For some reason the intensity of a flashlight's beam gets the ol' flashaholic photons in an uproar at times. Both sides will spew vicious comments and at times insult the other side over using a flashlight to see something right here or over there.
Personally I prefer throw because I live and work in a fairly rural environment and usually need to see things over there instead of right here. I do like to find a good compromise beam, a little flood and a little throw. The only problem is that one flashlight, even a variable focus model, cannot have both good flood and throw. It just doesn't really exist in a satisfactory manner.
My solution is the following.

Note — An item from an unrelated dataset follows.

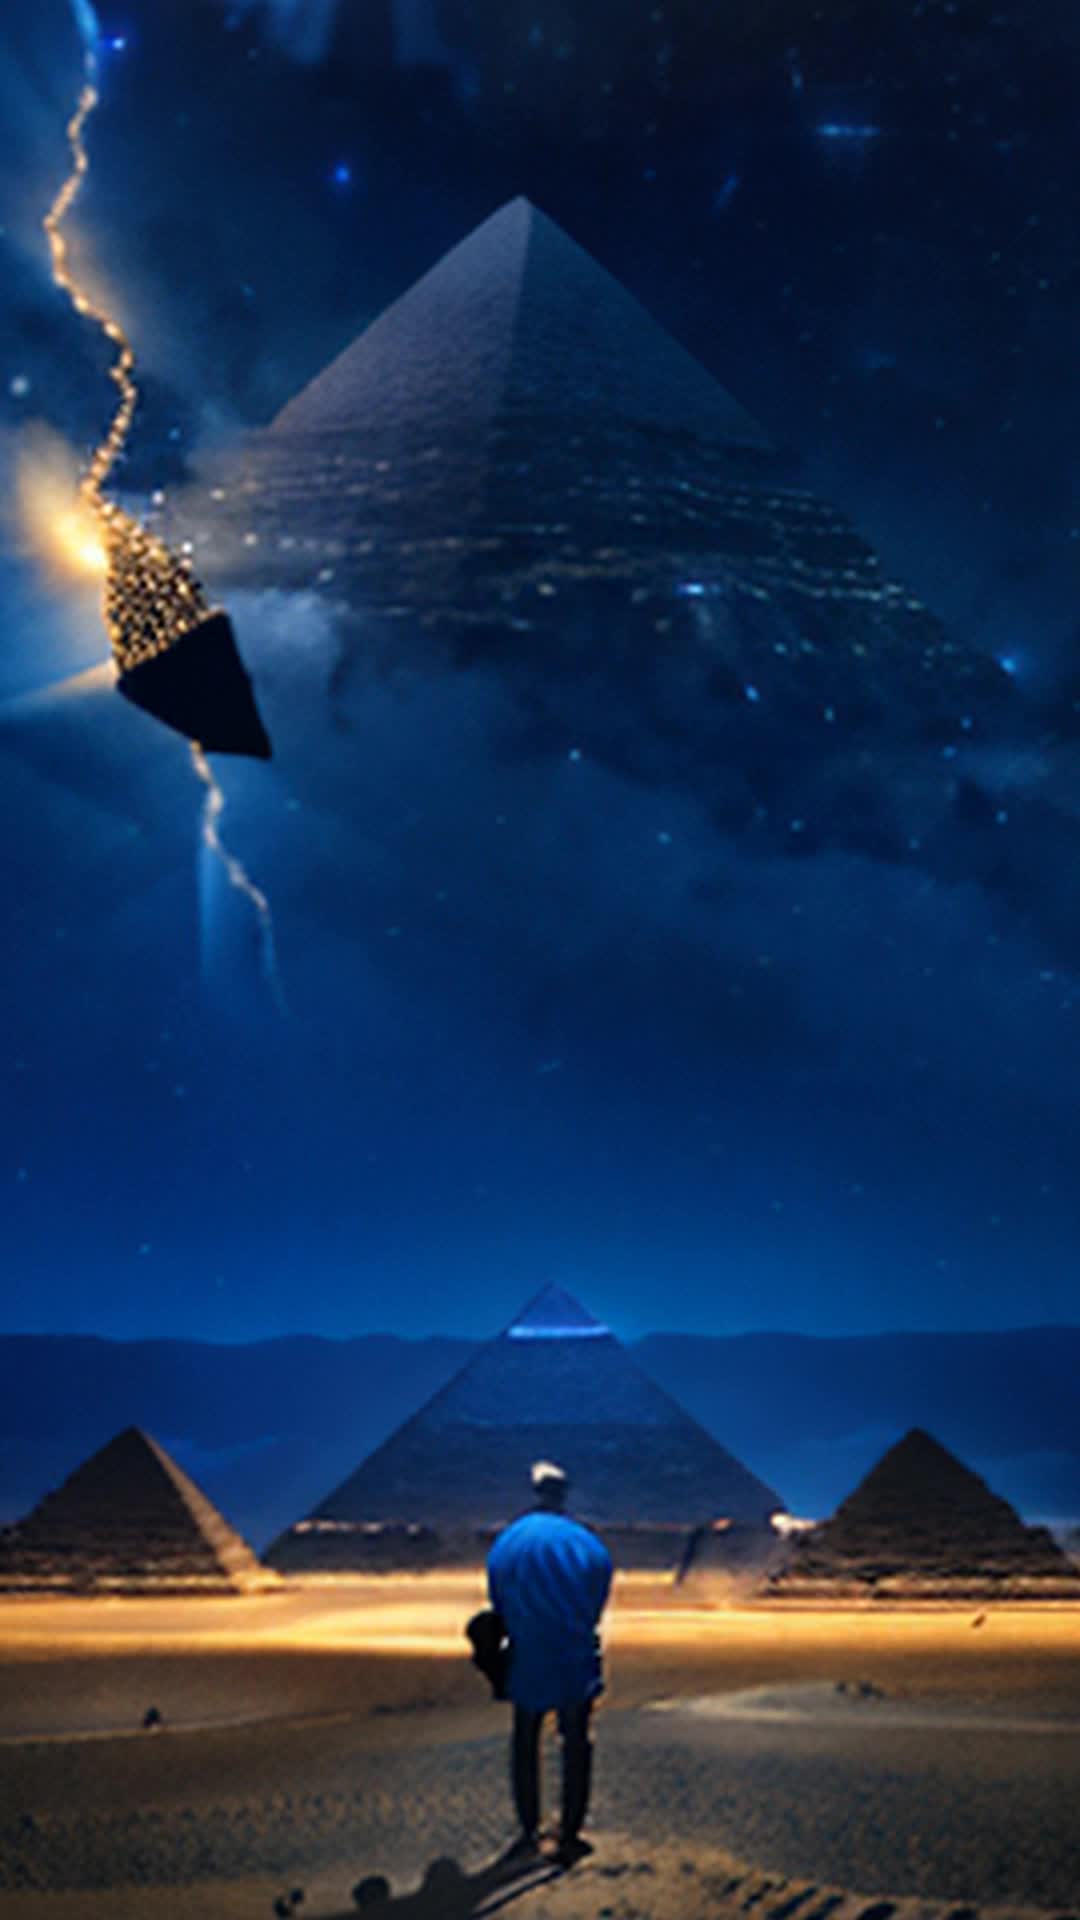 Dark blue African sky, man spotting three gleaming pyramids floating among stars, mysterious, ethereal
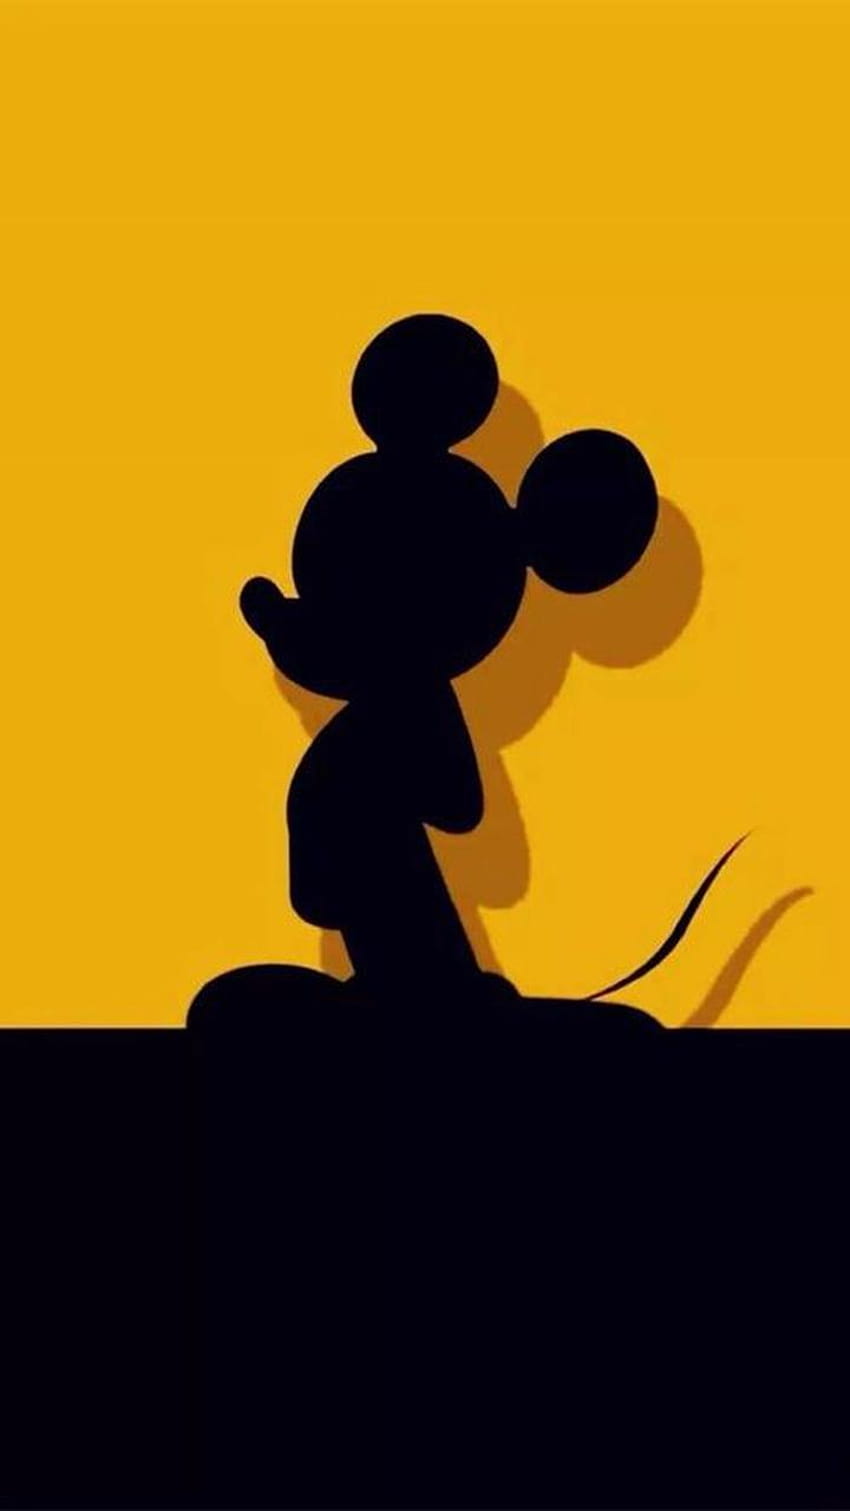 Mickey mouse wallpaper for iPhone and Android - Yellow iphone

Take a light that is all flood, like the Zebralight H50 Q5. Take an aspheric lens and carry both. When you need flood use the Zebralight, when you need throw, hold the lens in front of the LED and see way over there. The bare emitter of the Zebralight gives a perfectly smooth flood beam and the aspheric lens give an amazing focus to the LED and throws extremely far.
Of course, the solution is inelegant and generally requires two hands to use but it is a cheap and easy way to make one flashlight act like two without any real lumen loss.



Anybody else playing around with aspherics? I've been using this same lens with my SolarForce T7 but haven't had much luck getting the focal lengths I really need to do a permanent install.